The socioeconomic impact assessment of the Commission’s proposals does not fully account for Ireland’s share of fishing opportunities. The current proposals exclude a number of important stocks - mackerel, horse mackerel and blue whiting - where the final European Union TACs depend on external, third country agreements. If agreed as they currently stand, the Commission’s initial proposal would see a net reduction in fishing opportunity - quotas of minus 13% by volume and minus 13% by value.
In financial terms, this amounts to a direct income reduction of €8.65 million. These figures can be further explained, as follows. A net reduction in fishing opportunity for the whitefish sector of minus 15% by volume and minus 14% by value, with a direct income reduction of minus €8.25 million. This does not take into account the proposed 15% reduction in the very important nephrops fishery, as the total allowable catch, TAC, for these stocks were not included in the Commission’s initial proposal. In regional analysis of Irish Sea, Celtic Sea and west coast stocks it is estimated that there will be a 14% decrease in fishing opportunities for the whitefish fleet. This reduction is valued at €5.35 million and will impact Kilmore Quay and Dunmore East. In addition to the direct losses to the fleet, income is also lost from the processing sector as a direct result of reduced catches and in a number of ancillary industries such as net making, chandlery, engineering, refrigeration and so on. This will obviously have a knock-on effect for employment and BIM further estimates, on the basis of the most recent employment surveys of the catching sector, that these reductions could impact 123 full and part-time jobs. This could occur through reduced incomes, partial lay-offs or redundancies in the seafood sector.
The proposals do not include the Hague preferences, which are a safety net for the Irish fleet on specific stocks where TACs are in decline. Essentially, these are additional amounts of quota that Ireland and the UK claim for important whitefish stocks. Many member states object strenuously to their application as the additional quota comes off their allocations. Ensuring that the preferences are applied will be a key political objective in the negotiations. The loss of these allocations in 2020 will amount to at least 1,216 tonnes of fish with a direct value of €2.2 million.

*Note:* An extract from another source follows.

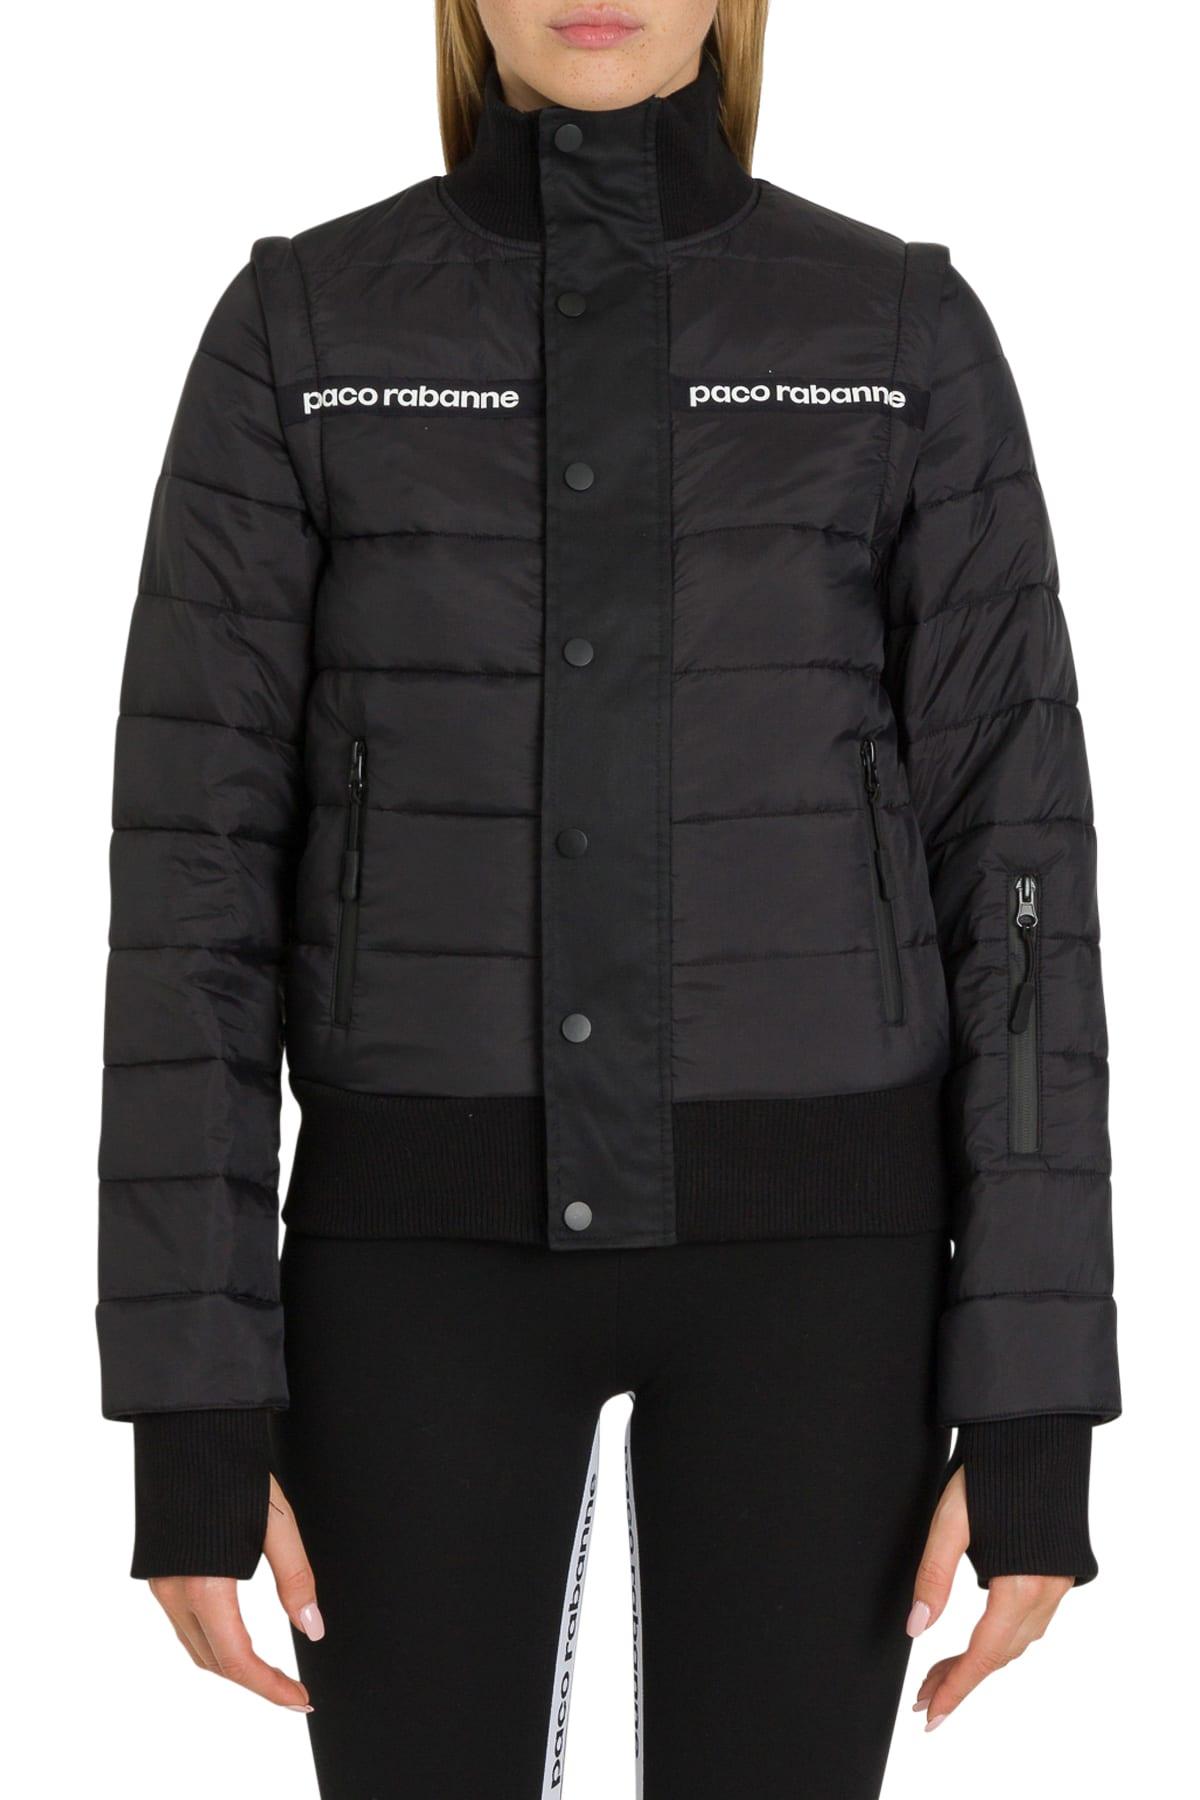 Paco Rabanne Font Logo Taping Puffer Jacket

To conclude, I can fully concur with the findings of the sea-fisheries sustainability impact assessment. It highlights the significant impact that the current proposals could have on the Irish fishing industry. Significant challenges lie ahead over the next two weeks but I will do my utmost to agree a fair and balanced package for Ireland that ensures the continued vibrancy of our industry and the long-term sustainability of our stocks. Finally, I wish to thank and acknowledge all those who contributed to the production of this impact assessment, and look forward to the debate on the conclusions.